There is an underlying sense of nervousness in APRA’s submission that the quite sophisticated and nuanced regime it oversees might, at a time when the international banking regulations are evolving quite rapidly, be overlaid with some new and quite rigid domestic rules.
The question of whether the majors have enough capital isn’t just about the amount or quality of the capital they have but the risk-weightings of the assets they hold -- the capital adequacy rules tailor the minimum amount of capital required to the perceived risk in the banks’ loan books.
Because the Australian banks’ balance sheets are dominated by residential mortgages, which are perceived to be relatively low risk, their capital adequacy appears high relative to their peers -- but they are effectively quite highly leveraged and, because of the demand for housing loans in an historically low interest rate environment post-crisis, have become more leveraged -- against asset bases deemed less risky -- since the crisis.
The Basel Committee, concerned by the variability of risk-weightings across jurisdictions, is currently reviewing them to see whether they can be more standardised. It is also planning to introduce a simple leverage ratio.
The outcome of either initiative could be to effectively increase the amount of capital the major banks have to hold against their residential mortgage books and put an elevated floor under their average risk weightings.
That prospect flows into the competitive dimension to the arguments about capital. The smaller banks and non-banks want to use the inquiry to either handicap their big competitors or improve their own competitiveness.

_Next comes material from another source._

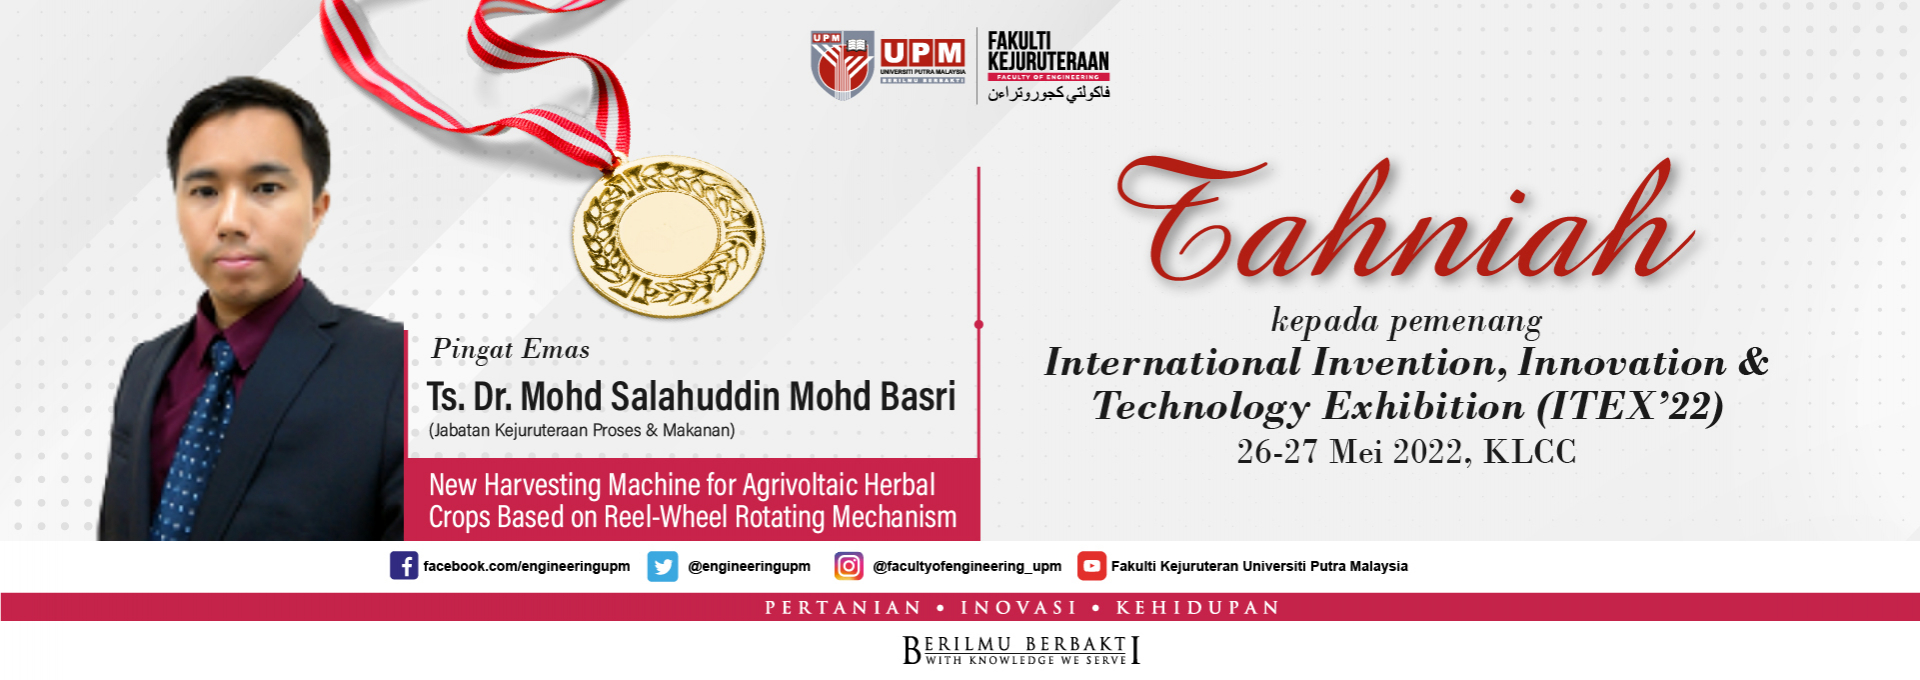 Tahniah kepada pemenang (ITEX2022)_ Dr Mohd Salahuddin

The big banks use very sophisticated and granular modellings of their portfolios and risk to determine the appropriate risk weightings (although APRA also has its own overlays, some of which are specific to types of lending and others to the institution itself).
The smaller authorised deposit-taking institutions use a 'standardised' approach that appears to require more capital, although APRA’s submission says the two approaches aren’t directly comparable and that a higher capital required for smaller institutions can in any event be justified because of their high degree of geographic and product and business concentration relative to the majors, who also face other capital requirements the smaller institutions don’t.

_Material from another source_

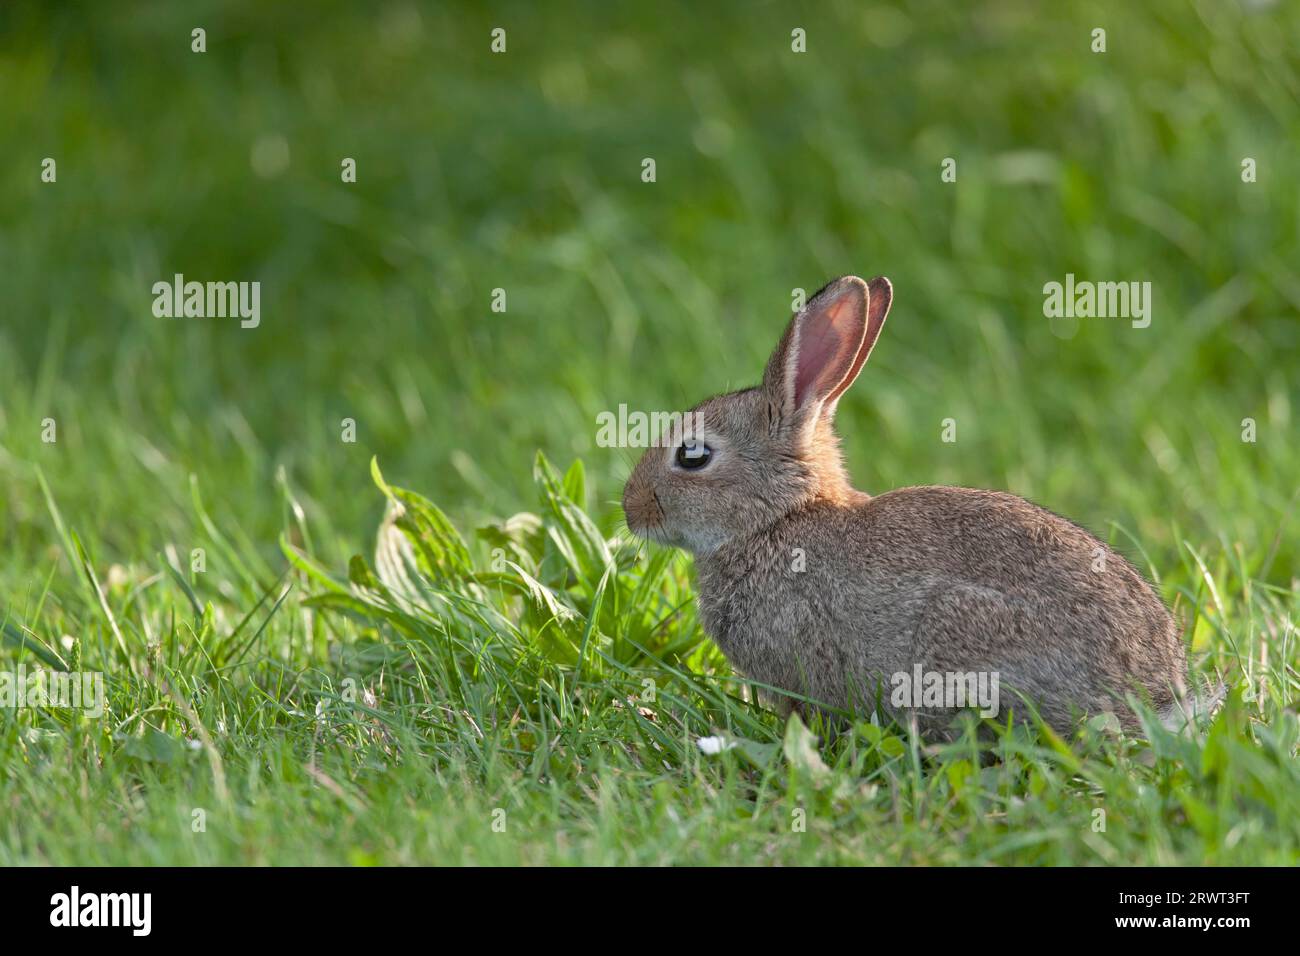 Le lapin européen (Oryctolagus cuniculus) peut produire 4 à 7 portées de descendance par an (lapin commun) dans des conditions optimales (Kit photo) Banque D'Images

APRA isn’t keen on making any changes to the prudential framework that would provide more incentives for encouraging residential mortgage financing over other forms of lending -- it has revealed some concern in recent times about the risks within the current 'hot' property market.
APRA could be entitled to feel somewhat aggrieved, as one of the world’s more respected prudential regulators, that the inquiry is trampling all over its turf and doing so at a time when the international framework for banking is changing and shifting to more conservative risk settings. APRA is deeply involved in that reform process.

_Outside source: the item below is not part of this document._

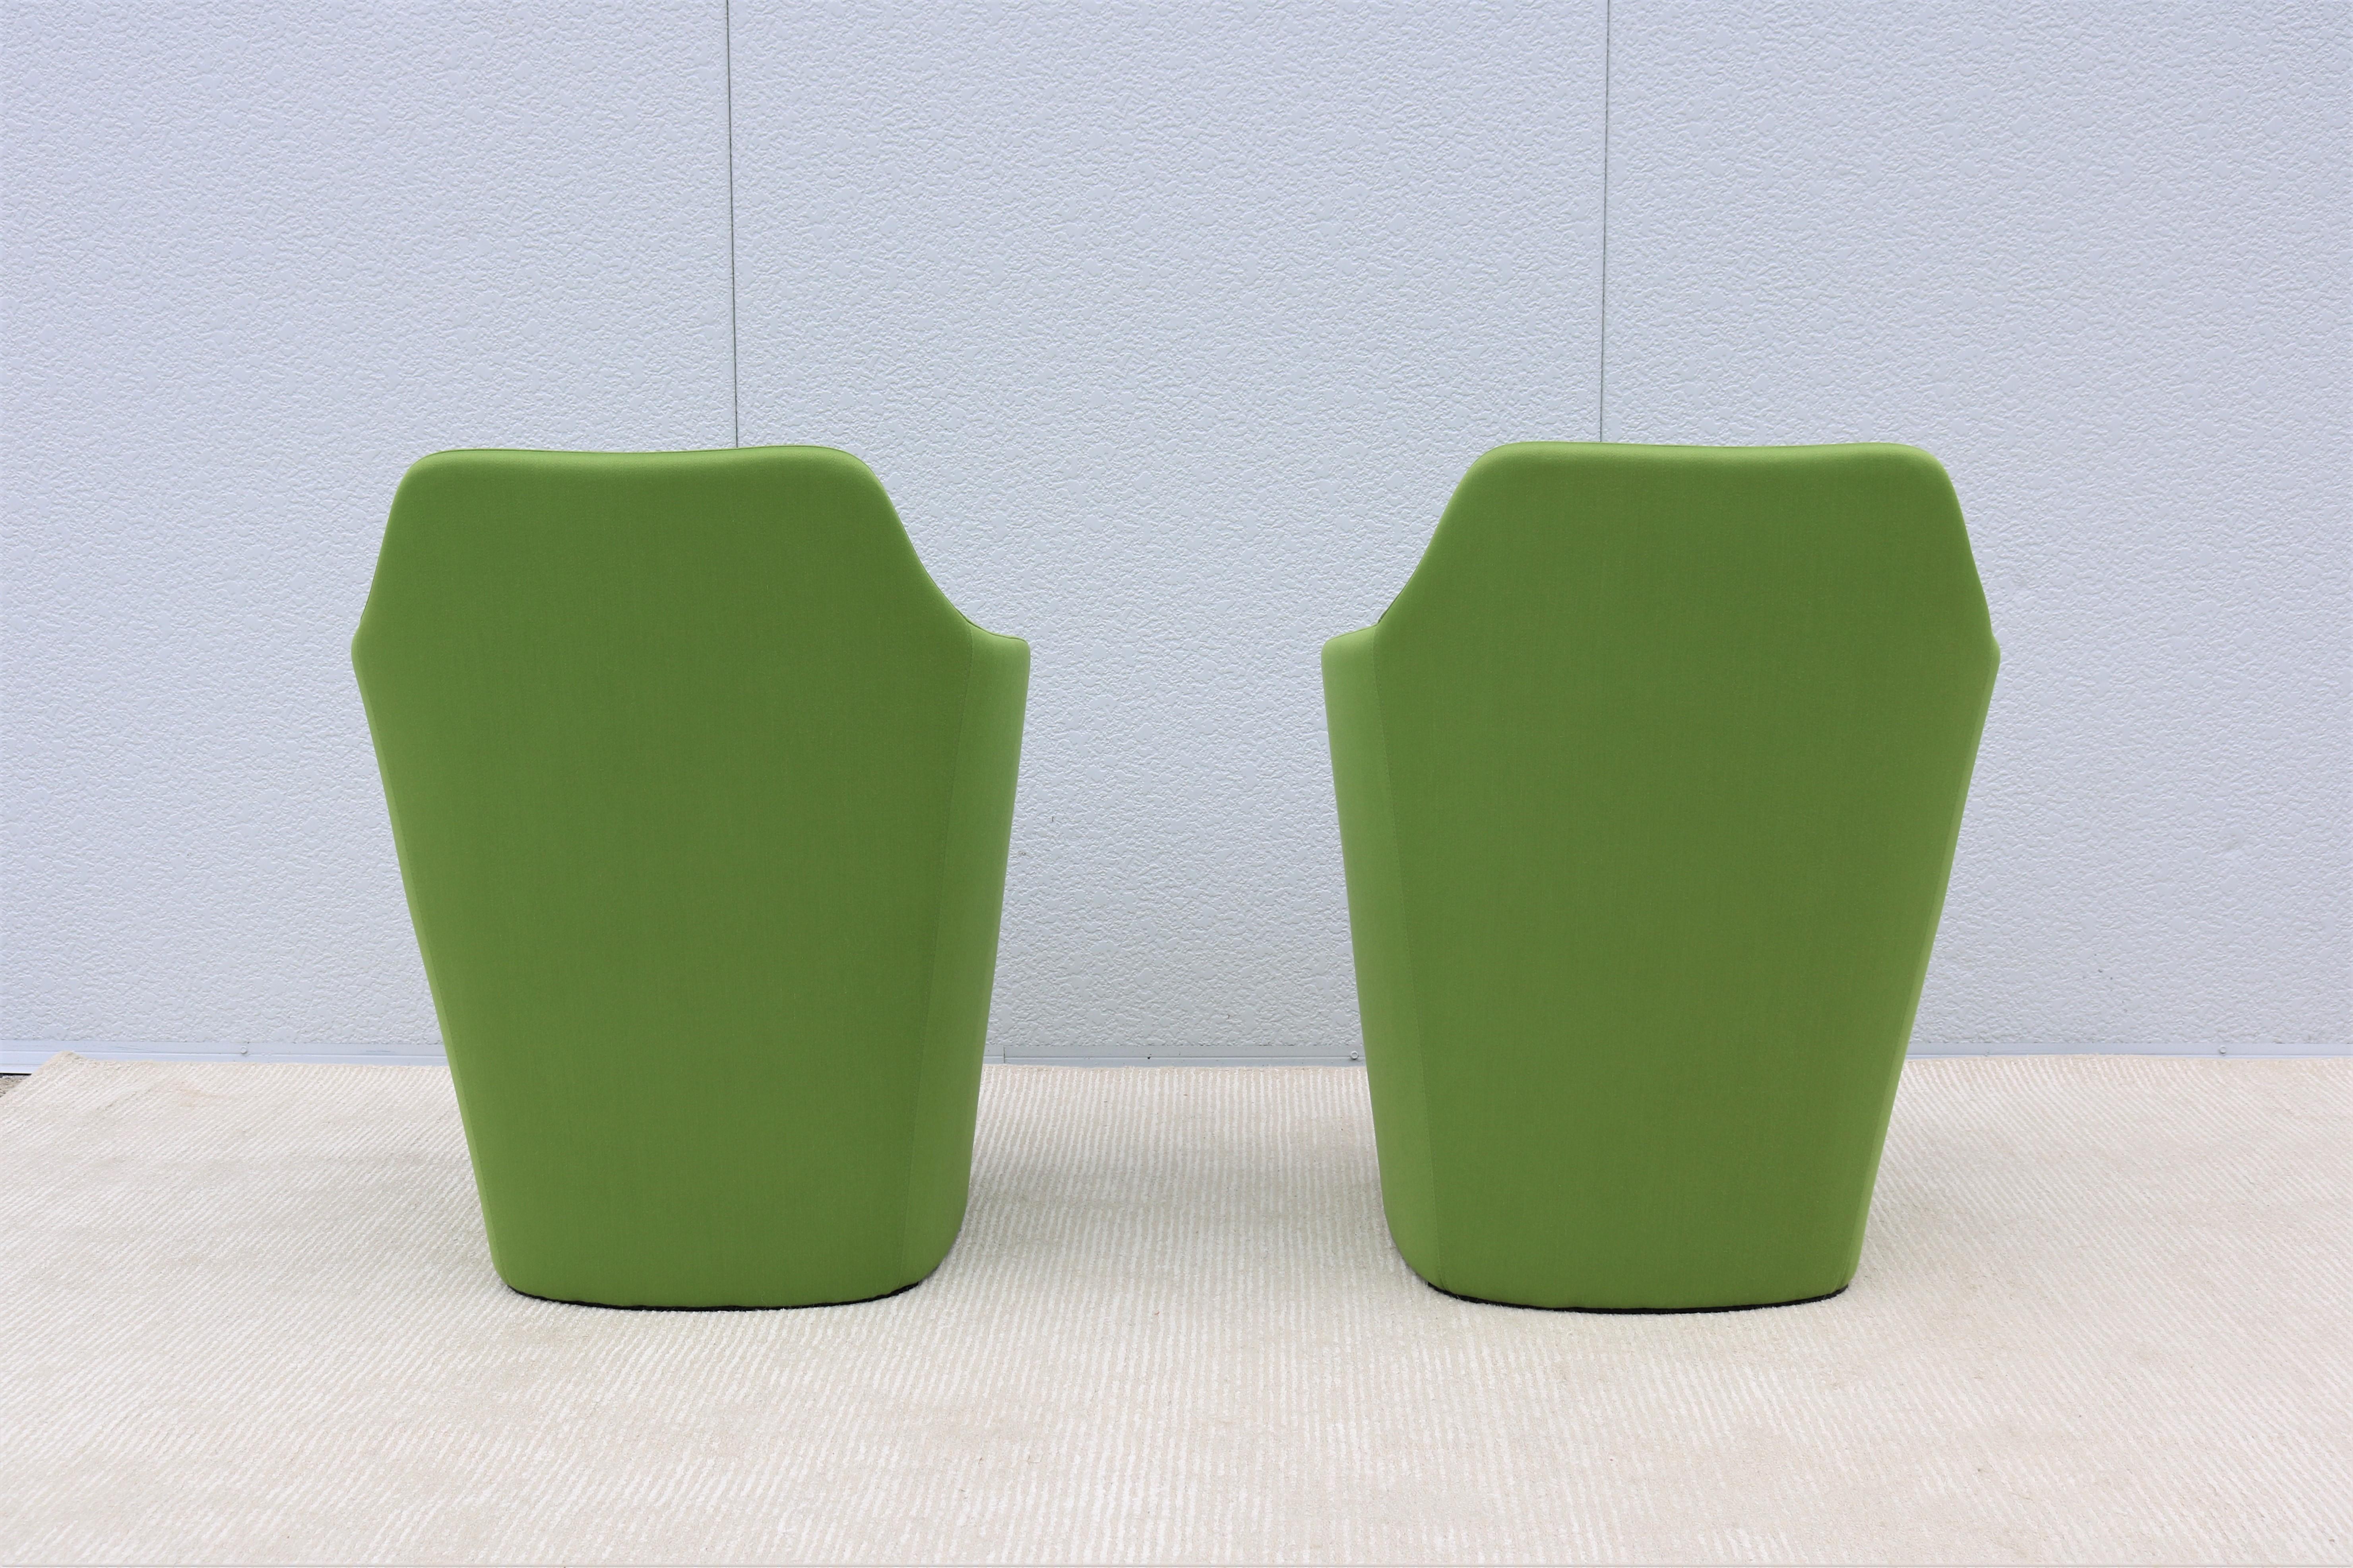 Art Deco Contemporary Modern Simon Pengelly for Allermuir Venus Green Tub Chairs, a Pair For Sale

It did make the point that its existing tools, processes and coordination mechanisms are adequate to address industry-level risks to financial stability and warned against creating new instruments “purely for macro-prudential purposes” when the tools were untested and the purpose for which they might need to be used was unclear.
No banking system can be made risk-free. Fiddling with the capital requirements and risk-weightings, or implanting “bail-in” rules for creditors in a crisis, might change the riskiness at the margin but ultimately it’s the prudence of the institutions and the sophistication and diligence and flexibility of the regulator to adapt requirements to the conditions that underwrites the stability of the system.
There is a sense in APRA’s second submission to the inquiry that it isn’t particularly comfortable about its ability to regulate effectively and prudently being questioned; nor about the quite prescriptive directions in which the committee’s interim report suggested it might be heading; nor the idea that prudential rules and tools should be used to promote particular competition policy outcomes.